St. Paul delivered the same message to the Philippians, the bishop said, telling them to do nothing out of selfishness or vainglory. Instead, they should humbly regard others as more important than themselves.

“Isn’t that the story of Jesus himself, who was God, but emptied himself of his divinity so that he could come to us and save us. God comes to us in our poverty and God asks us to be like him, to be servants. That is the Gospel way,” Bishop Malesic said.

He noted that children need others to feed and care for them, which represents the poor, the unwanted, the needy and nameless in the world. “There are many children of God who are waiting to be served,” the bishop said, which is why Christians have built hospitals, homeless shelters, food banks and helped those suffering from addiction. “The world criticizes us for it sometimes, but make no mistake: Jesus commands it of us – to care for the least among us.”

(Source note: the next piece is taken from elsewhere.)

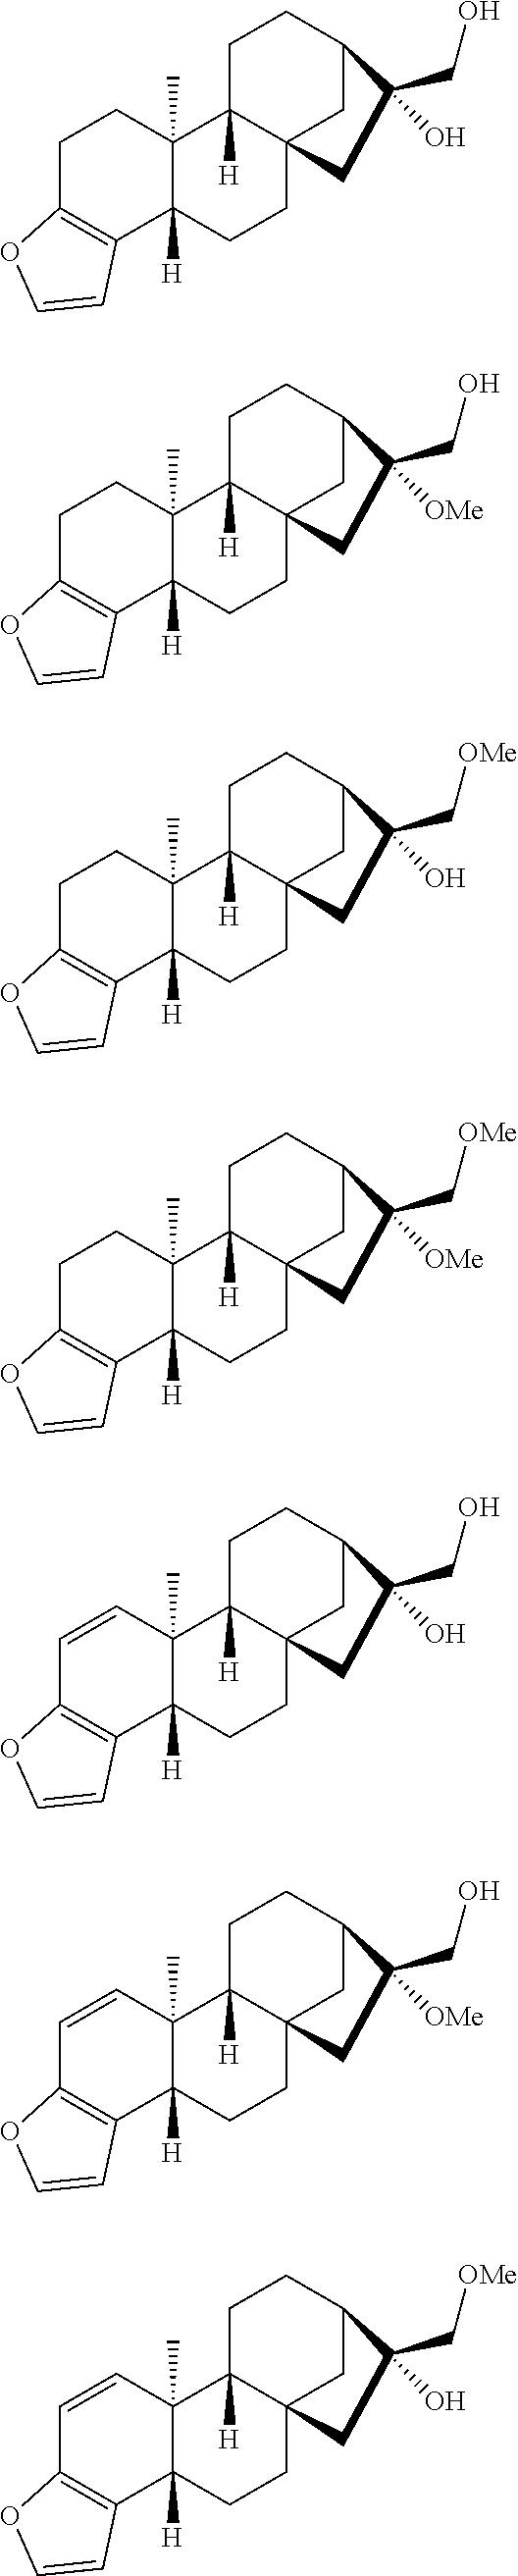 Figure US09962344-20180508-C00155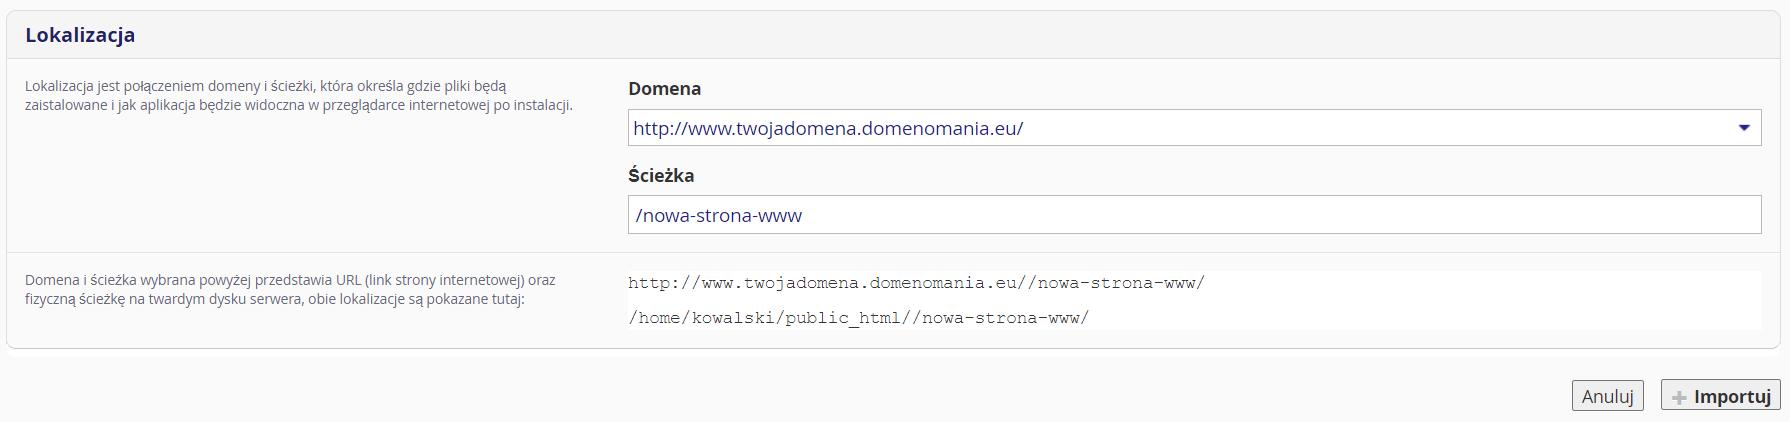 Podaj informacje o lokalizacji PrestaShop, którą chcesz zaimportować (domena i katalog na serwerze FTP).

As the new catechetical year begins, the bishop also said we must teach the children about Jesus because they will be saved only by coming to faith in him.

Worldly power is one of the most dangerous and lethal forces in life, he said. “We reject seeking worldly power for its own sake. We seek a different power – that power that comes to us from above.” He said that power from above is found when we help the person God sends our way who needs it the most. “That is love and it comes to us first from God. It is the love that God wants us to share.”